== Data ==
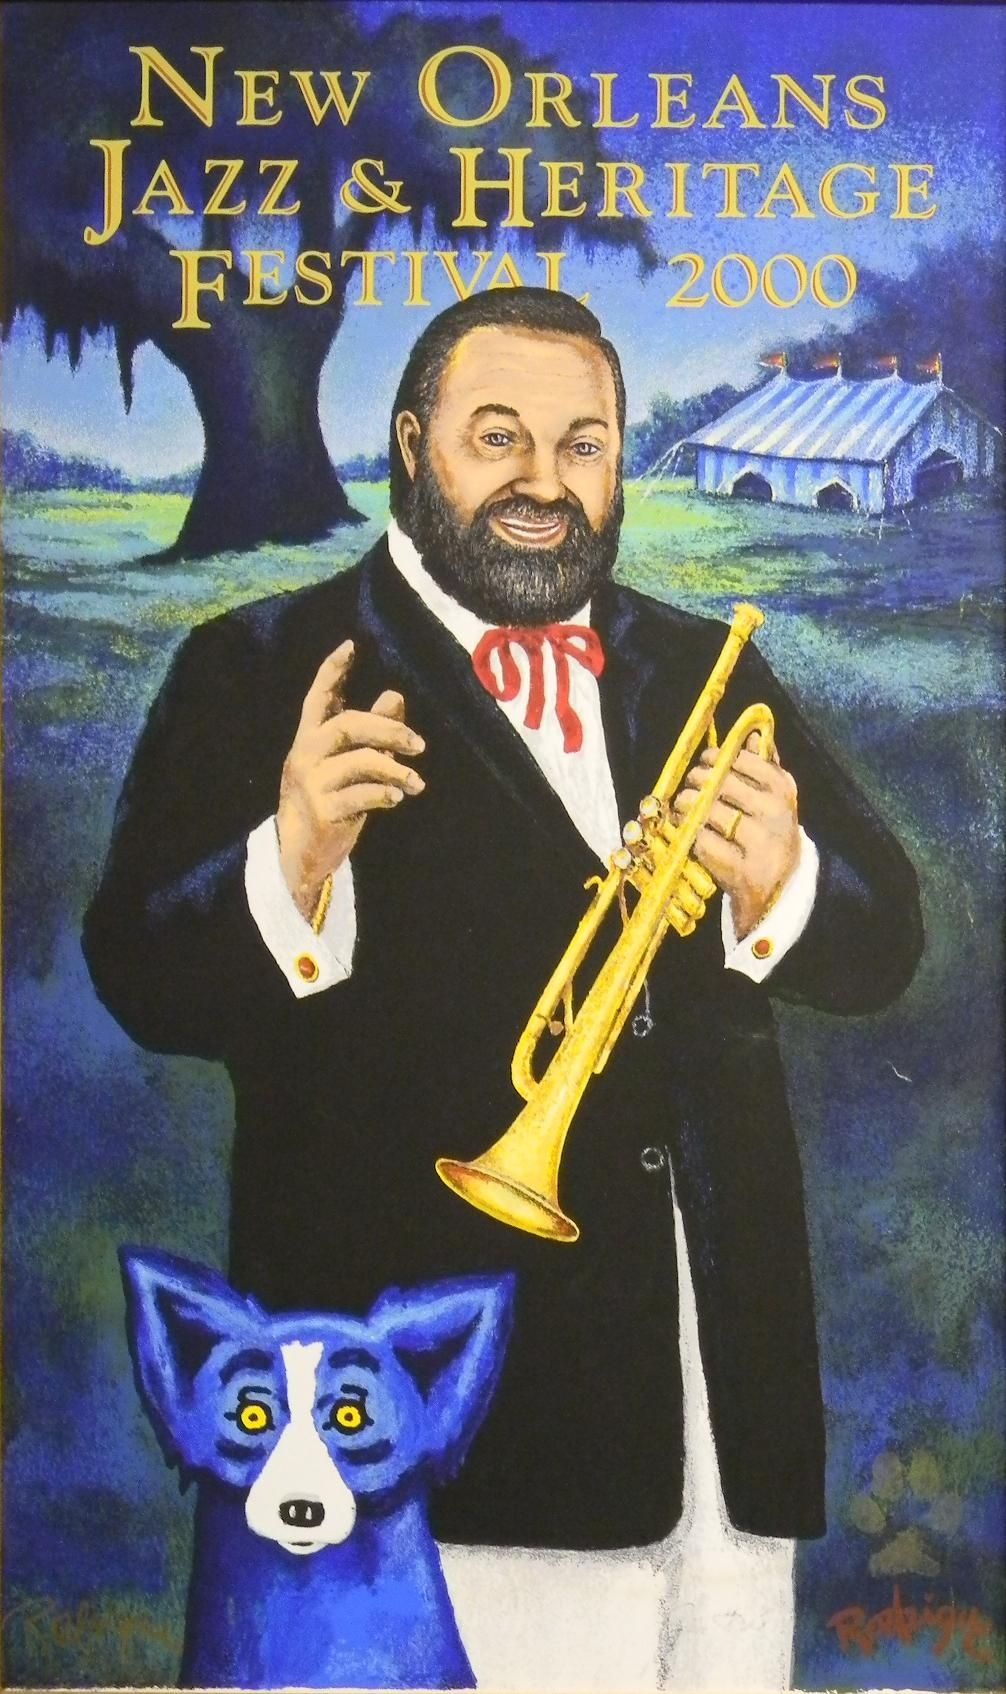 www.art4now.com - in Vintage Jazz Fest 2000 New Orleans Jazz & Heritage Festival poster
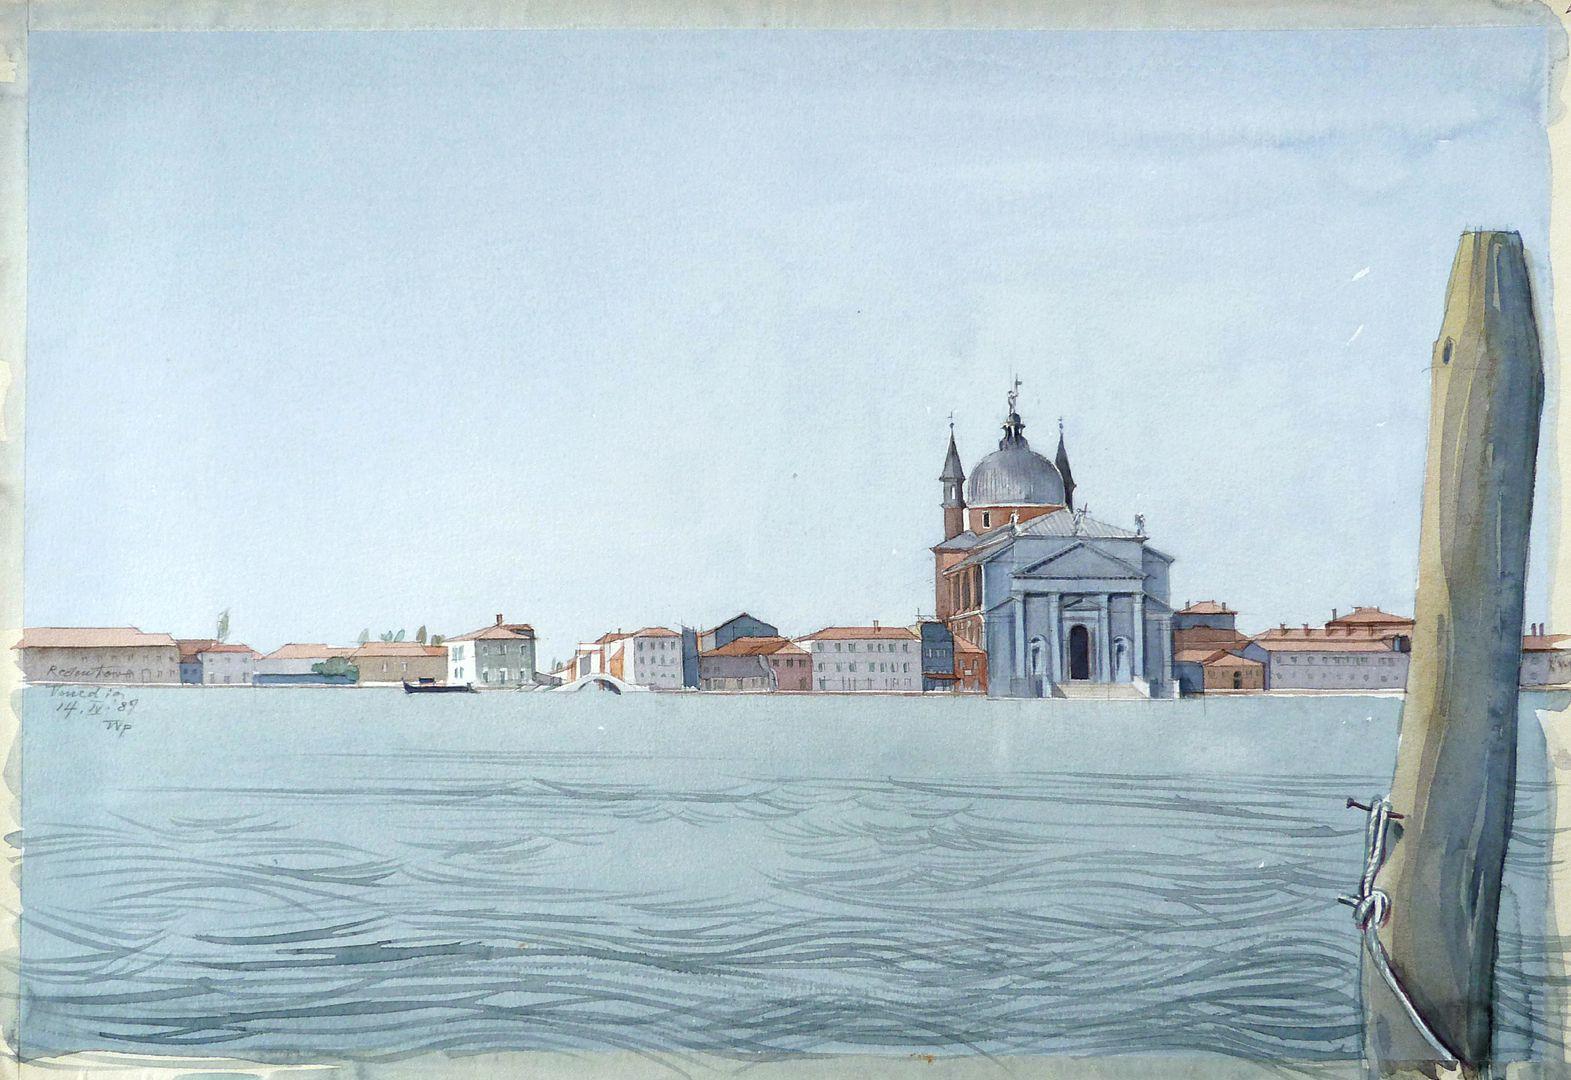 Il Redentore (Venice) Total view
===
== Data ==
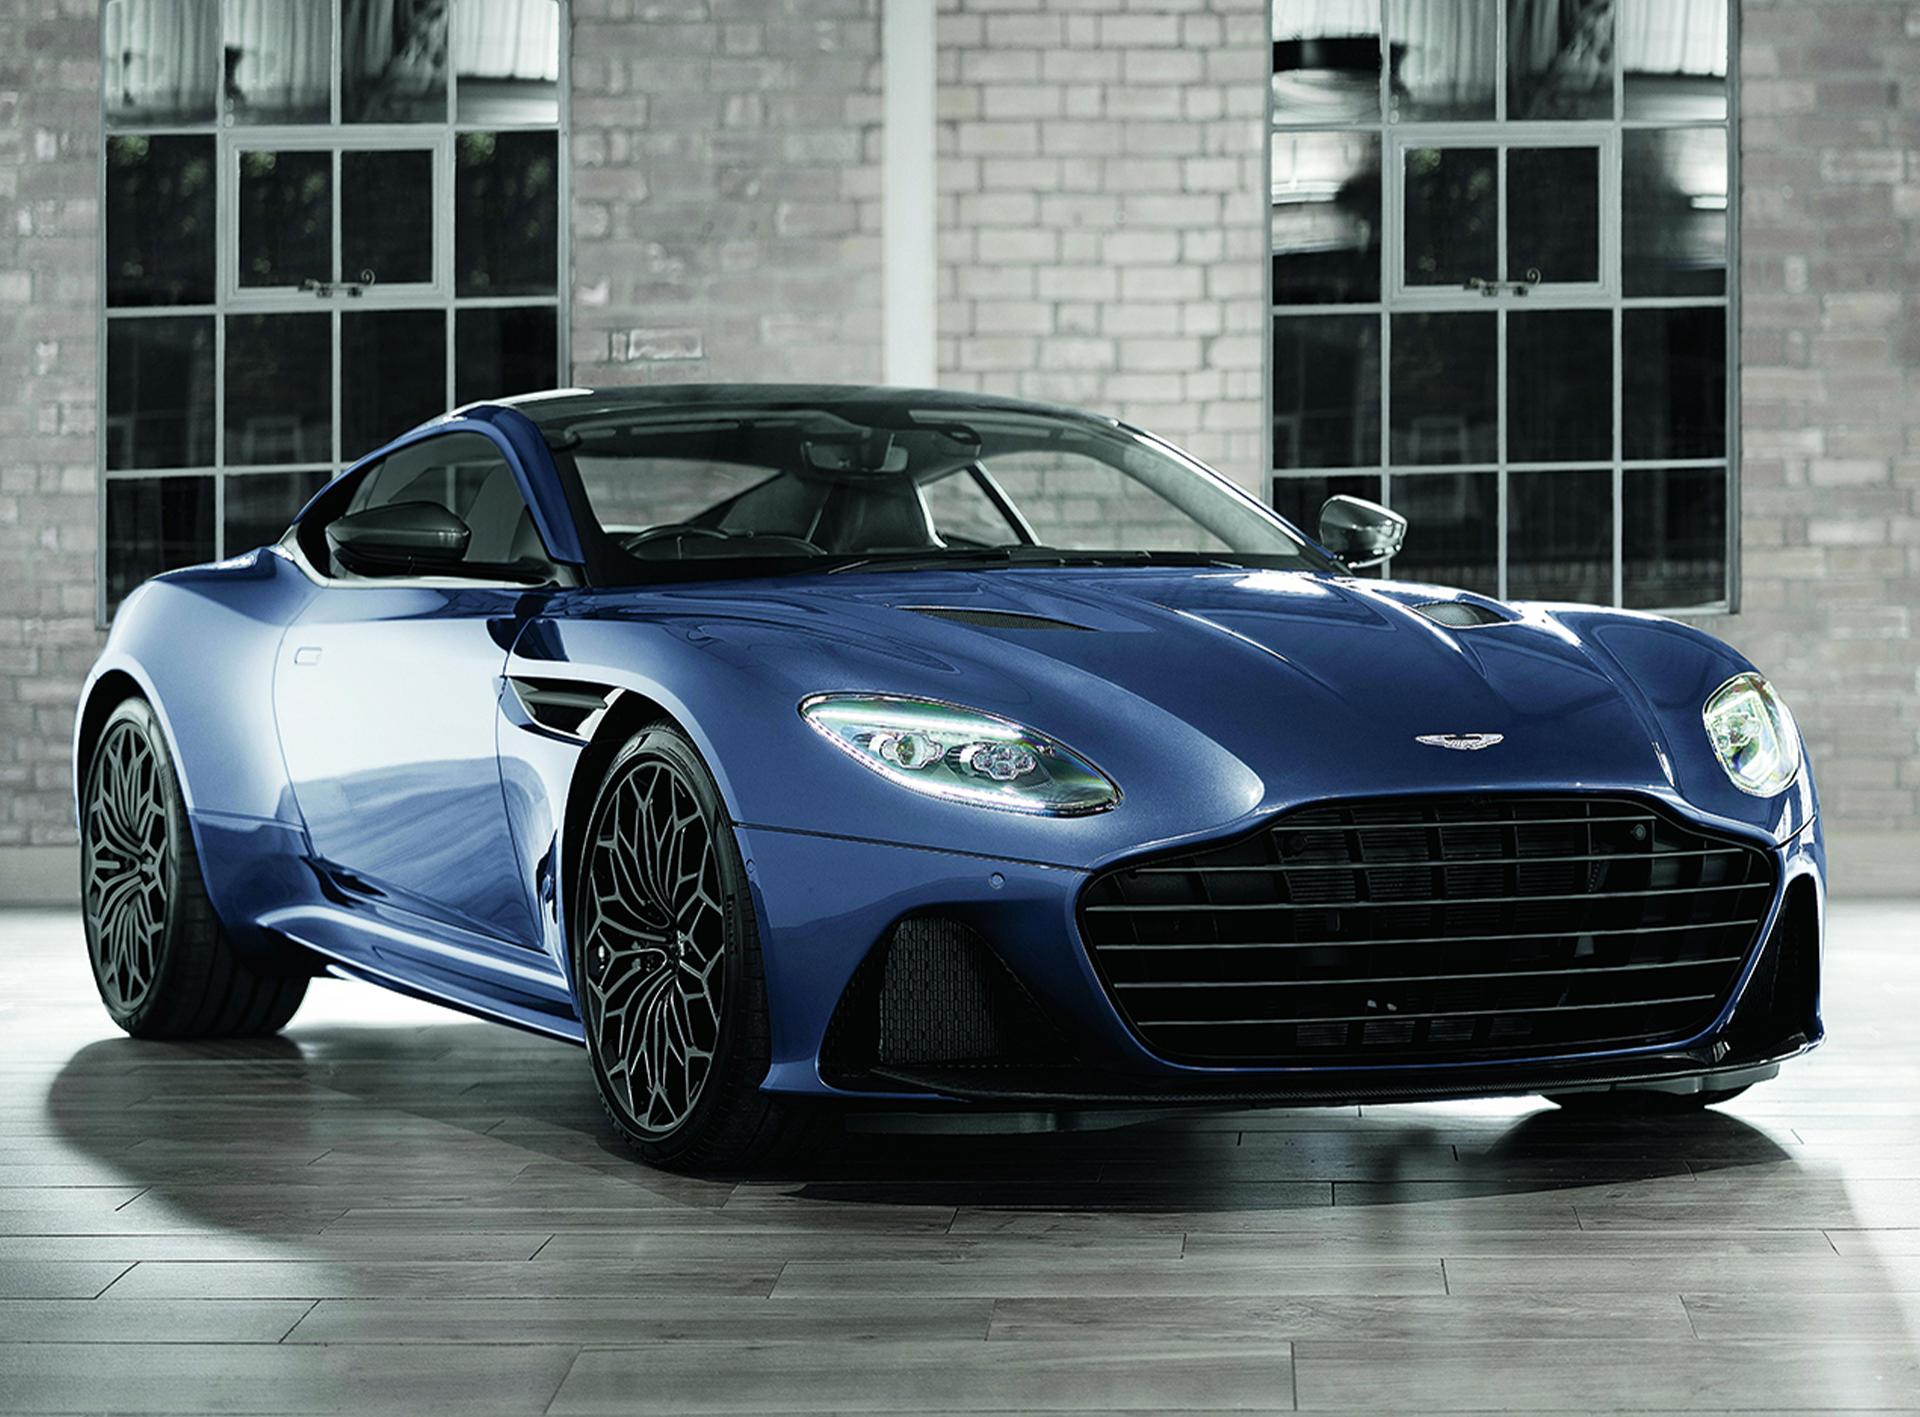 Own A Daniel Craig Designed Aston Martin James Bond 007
===
• [Problem requirements]
Reproduce the data above exactly, but only from the line containing "www.art4now.com - in" through the line containing "Il Redentore (Venice) Total view". Omit all pictures.

• [Answer to the exercise]
 www.art4now.com - in Vintage Jazz Fest 2000 New Orleans Jazz & Heritage Festival poster
 Il Redentore (Venice) Total view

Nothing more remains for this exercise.